Este trabalho conta com a participação de vasta equipa de investigadores do IPMA, coordenada por um grupo que atua em estreita articulação com o INE. Diversas entidades relevantes – como a Direção-Geral de Política do Mar (DGPM), a DGRM, o Instituto da Conservação da Natureza e das Florestas (ICNF), a Estrutura de Missão para a Extensão da Plataforma Continental (EMEPC), entre outras –, bem como as autoridades regionais competentes das Regiões Autónomas da Madeira e dos Açores, têm colaborado, ativamente, no seu desenvolvimento. A iniciativa conta ainda com o valioso contributo de vários investigadores do meio académico, assegurando uma abordagem técnica e científica robusta.

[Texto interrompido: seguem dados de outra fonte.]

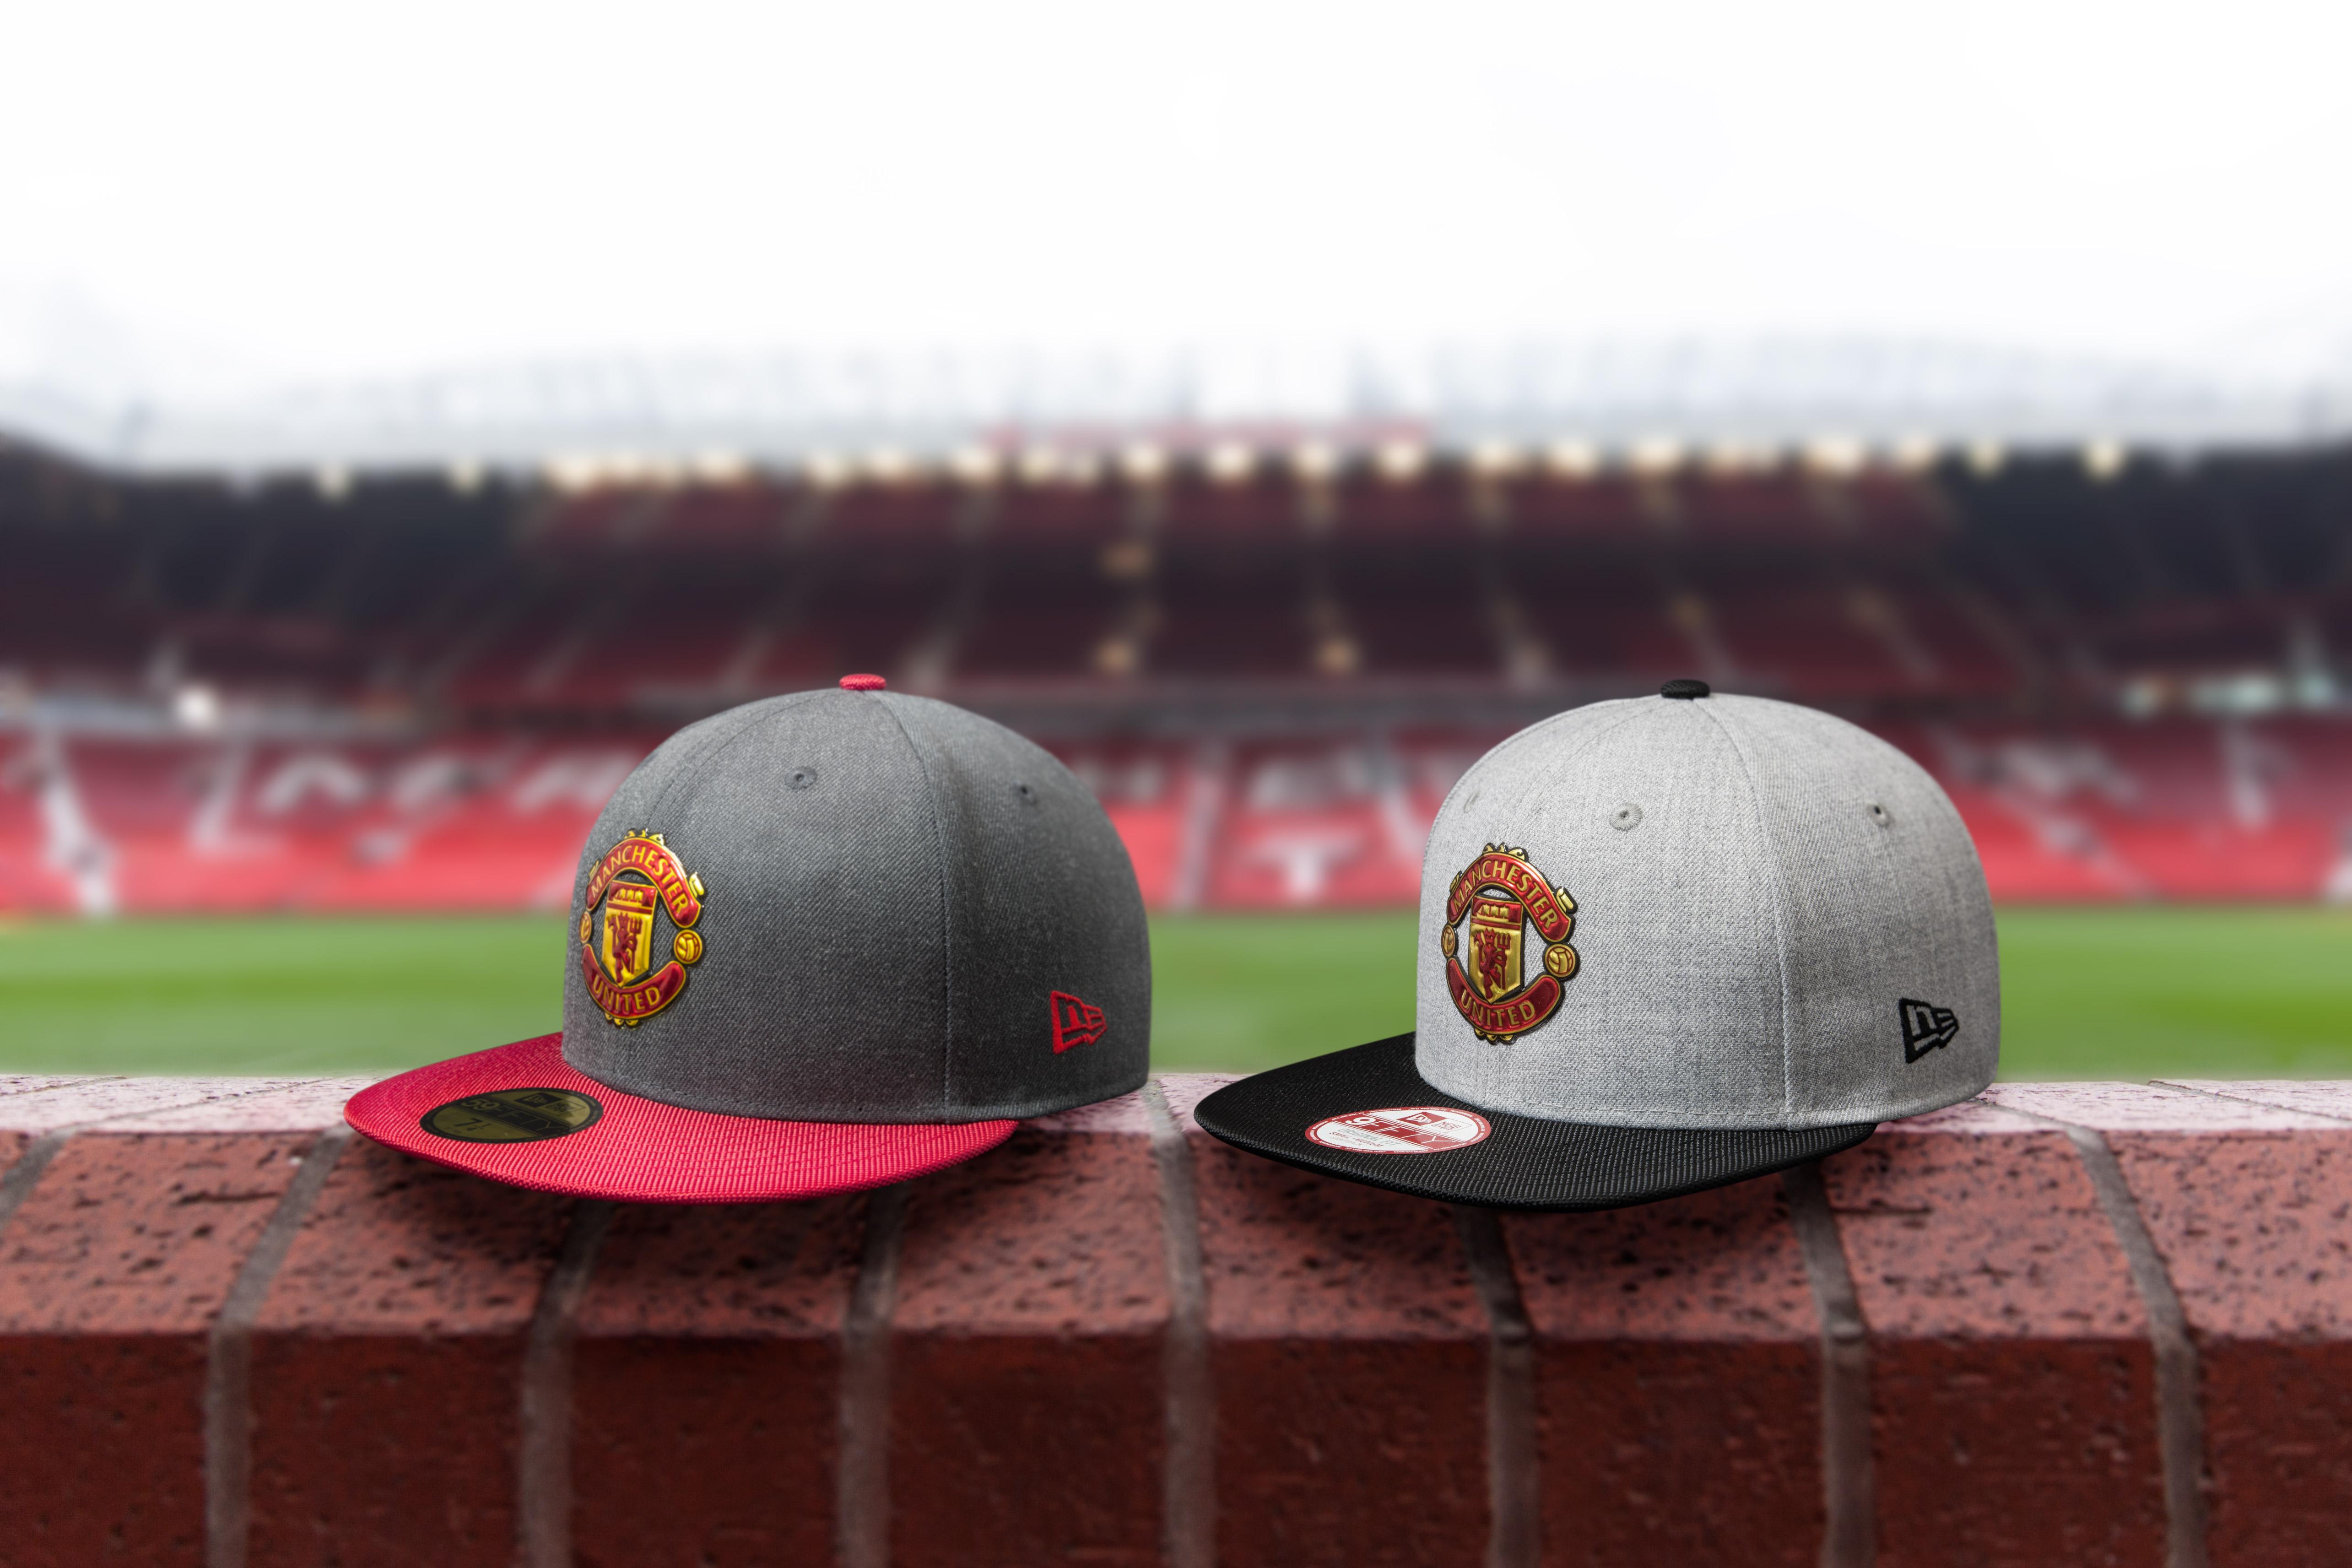 7f55ade14a523 New Era Caps en Old Trafford

Portugal mostra, mais uma vez, liderança no desenvolvimento das Contas do Oceano, ao apresentar os resultados para o carbono absorvido pela sua zona marítima, em toneladas e em valor económico. Os dados preliminares evidenciam que o dióxido de carbono (CO2) absorvido, anualmente, pela zona económica exclusiva (ZEE) é de três vezes e meio a meta estabelecida por Portugal para 2045, considerando, essencialmente, florestas e uso do solo.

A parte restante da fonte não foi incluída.